Surgery has a high rate of complication with chances of recurrences which are difficult
to manage.[[2]] Intralesional sclerotherapy (ILS) has been advocated as a popular alternative to
surgery, mainly for superficial LM. The main drawback of ILS, cited in literature,
is the need for multiple sessions to achieve an acceptable outcome as compared to
surgical excision.[[2]] Only a few sporadic case reports have shown complete resolution of LM with one
session of ILS.[[3]] This study was conducted with the aim to study whether multiple sessions of intralesional
bleomycin are necessary for complete resolution of the lesion.
MATERIALS AND METHODS
Data of all the patients of macrocystic LM aged below 18 years presenting either in
the Department of Paediatric Surgery or Plastic Surgery from January 2012 to December
2016 were analysed retrospectively. The patients with microcystic lesion with associated
haemangiomatous component or macrocystic lesion having more than five cysts were excluded
from the study (to avoid tackling a large number of cysts in one sitting). A total
of 21 cases aged ranging from 3 months to 17 years were included. All possible complications
such as infection or haemorrhage were recorded. Ultrasound (USG) was done in all cases
to confirm the diagnosis and to characterize the lesion into micro- or macro-cystic
lesions as per the latest classification.[[1]] Post-procedure follow-up was done at 6 months using USG to document the size and
volume of the residual lesion. All the parents had agreed with the proposed treatment
and post-operative evaluation. ILS is the standard modality for the treatment of pure
lymphatic or mixed LMs at our centre. All patients were strictly scrutinized for the
presence of any lung pathology before initiation of therapy and were subjected to
one shot of intravenous antibiotic before ILS and oral antibiotics for 72 h and analgesic
for 48 h post-procedure.
Treatment protocol for intralesional sclerotherapy
All interventions were done under general anaesthesia/sedation in the operation theatre
[[Figure 1]], and the lesion was localized on USG [[Figure 2]]. Individual cysts were punctured using 22 or 20 Fr intravenous cannula under USG
guidance. After puncture, metallic stellate of the cannula was used to monitor the
exact placement of the cannula [[Figure 3]] in the cyst cavity. After confirming cannula placement, i.e., free flow of clear
fluid, metallic stellate was withdrawn and the plastic cannula left in situ. The main objective of cyst aspiration was to completely evacuate the cyst for optimum
action of the drug. With the aspirating cannula left in situ, bleomycin was injected under USG guidance taking care not to dislodge the cannula
from the cyst cavity [[Figure 4]]. Drug delivery was confirmed into the cyst cavity with USG. Bleomycin was injected
individually in each cyst, and care was taken that total dose should not exceed the
recommended dose of 0.5 mg/kg.[[3]
[4]
[5]] Post-procedure, compression of the injection site (wherever it was possible) was
done for 6 h. Strict monitoring of the vitals was done up to 6 h post-procedure, and
the patients were discharged within 24–48 h of the procedure.

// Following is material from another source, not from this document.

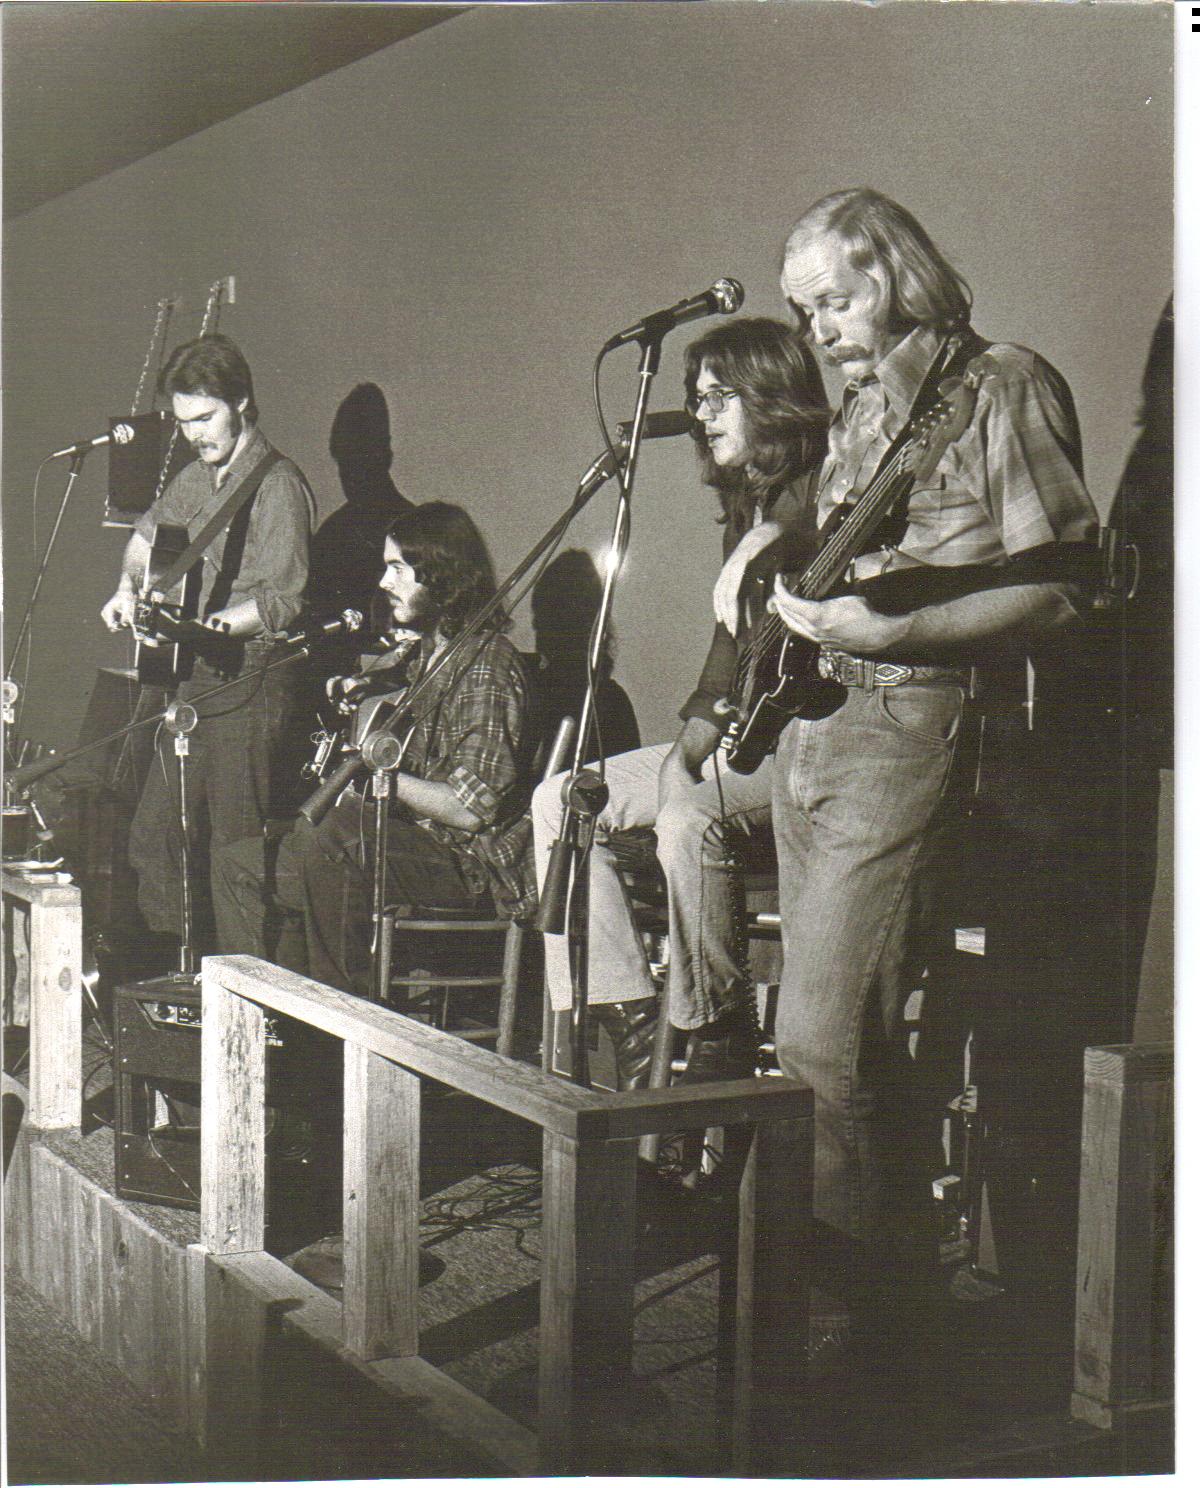 The Full Circle Band @ Mississippi Whiskers, Fall 1974

Figure 1: Large cystic hygroma involving neck before sclerotherapy under general anaesthesia
Figure 2: Ultrasound picture showing large cystic lesion before sclerotherapy
Figure 3: Ultrasound showing 20 Fr intravenous cannula with metallic stent just before aspiration
of the fluid note single cannula will be used for aspiration of both cysts
Figure 4: Aspiration of the content (haemorrhagic)
Evaluation and follow-up of lesion
Patients were evaluated clinically at 3 and 6 months post-procedure [[Figure 5]]. Subsequently, all patients were reviewed at 6 monthly intervals for at least 2
years. USG evaluation of the residual lesion was done at the second visit, i.e., 6
months [[Figure 6]] post-procedure, and the size were compared with the previous scan (especially volume
of the lesion). The patients were graded into complete resolution, incomplete resolution
and failure as summarised in [Table 1]. Thus, our emphasis was on the cosmetic improvement of the lesion unlike the previous
series where it was graded as excellent with more than 90% reduction in the size of
lesion, good with 50%–90% reduction and poor in the rest of the cases.[[3]
[4]
[5]]
Figure 5: Follow-up picture of same patient at 3 months
Figure 6: Repeat ultrasound showing very small residual (not amenable to aspiration) lesion
after 6 months of the first session
Table 1
Response criteria
|
Response
|
Features
|
|
Complete resolution
|
No residual mass or <10% of residual lesion (in comparison to first ultrasound) in
the form of cyst or fibrotic lesion on ultrasound and not evident clinically. (19
cases)
|
|
Incomplete resolution
|
More than 10% but <30% of residual lesion on ultrasound (in comparison to first ultrasound)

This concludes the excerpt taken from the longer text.